A danger for passengers who may have had one too many, and there were lots of those on the Mail, particularly on Friday nights, was to go to sleep and miss one’s station. I do remember a couple of nights waking up at Mt Victoria and having to wait for the morning train back. That station did however have a lovely waiting room with a fire on winter nights.

Exiting the train at Penrith was sometimes difficult as you would have to weave your way past the sleeping bodies in the corridor.

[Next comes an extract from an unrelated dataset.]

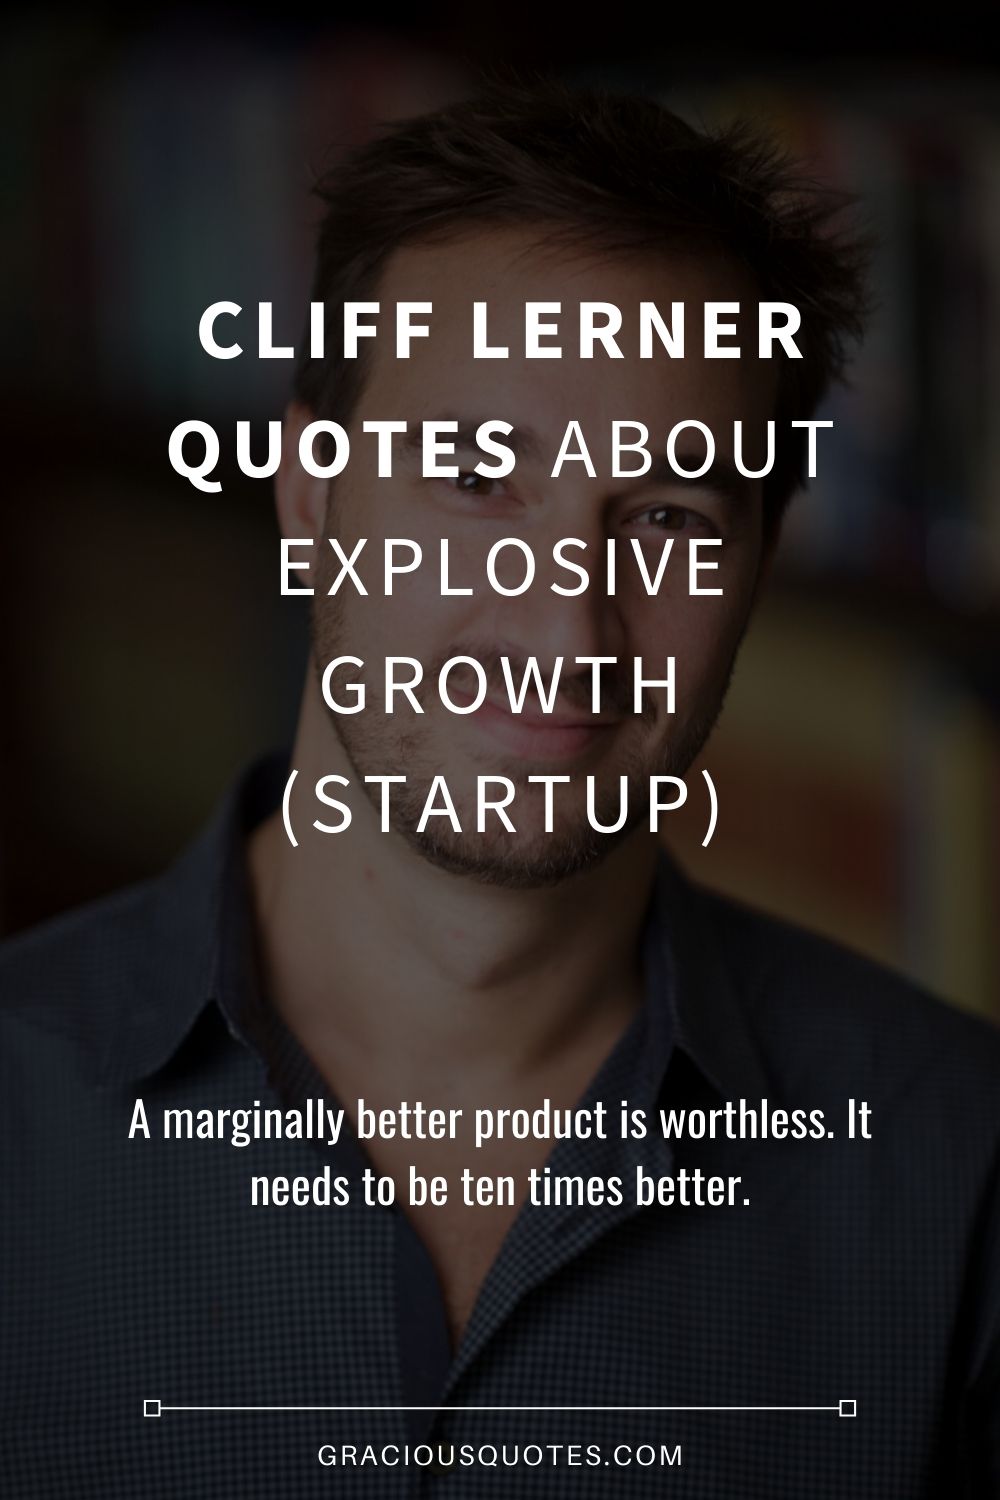 Cliff-Lerner-Quotes-About-Explosive-Growth-STARTUP-Gracious-Quotes
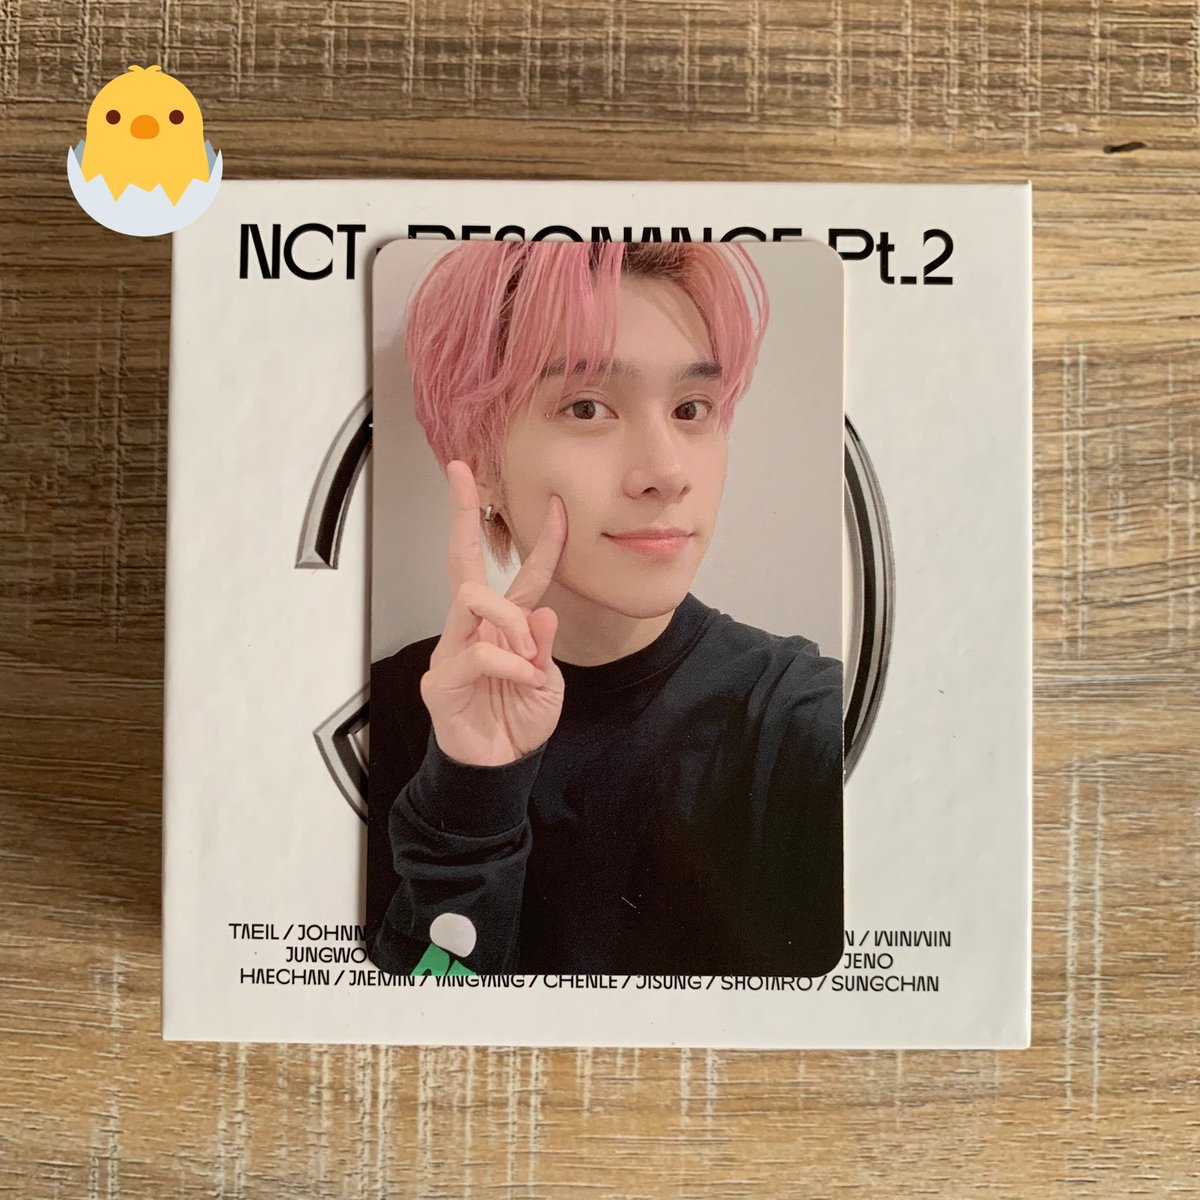  #WBBRSPH_Onhand NCT RESONANCE PART 2 KITS₱850- Unsealed but complete inclusions- Can choose member- Pc is clean and in good condition- 3 stocks

I realise that today’s trains are cleaner, more efficient and have climate control but I do miss the days when catching the Chips to Sydney was fun.

 

 

 

T

 

Jay’s shoe shop: frying the feet

Mr Jay owned a shoe shop in Penrith. It was in High Street between Lawson Street and Castlereagh Street near the Post Office. This was the place your mother took you to get you Paddle or Robin school shoes, tight-fitting black leather shoes that would never be comfortable no matter how long you wore them.

jays shoes
Back to school shoes from Jays

For a while, Mr Jay had in his shop a ‘shoe-fitting fluoroscope’ to test whether your new shoes fitted or not. It was a wooden box and you stood on a step and put your feet in a slot and you, your parent and the salesperson variously looked through a slot on the top of the box while you wiggled your toes to see if the shoes fitted. The machine worked by bouncing x-rays down onto your feet and showing an image of your foot in the shoe, bones and all.

shoe xray
A shoe-fitting fluoroscope

A yearly or less frequent visit to get blasted with x-rays of course was not enough for us. If you were down the street at a loose end, you could always wander into the shoe shop for another look at your feet, if the shop was not busy and the staff were in a good mood.

There did not appear to be any shielding devices and certainly nobody was wearing leather aprons or anything. I don’t recall how long the machine was in the store but at some stage the government banned these devices because of potential radiation dangers.

We were a lot less risk-averse in those days and certainly a lot more ignorant about potential dangers – playing in old fridges, mucking around with plastic bags, playing in stormwater drains during a storm, doubling and trebling on our bikes. One particular type of insanity was standing on the running board of cars while they were moving, or riding on the bonnet for a bit of a lark. Then, of course, there was the madness of Cracker Night, the subject of a future post.

It’s a wonder we survived into adulthood.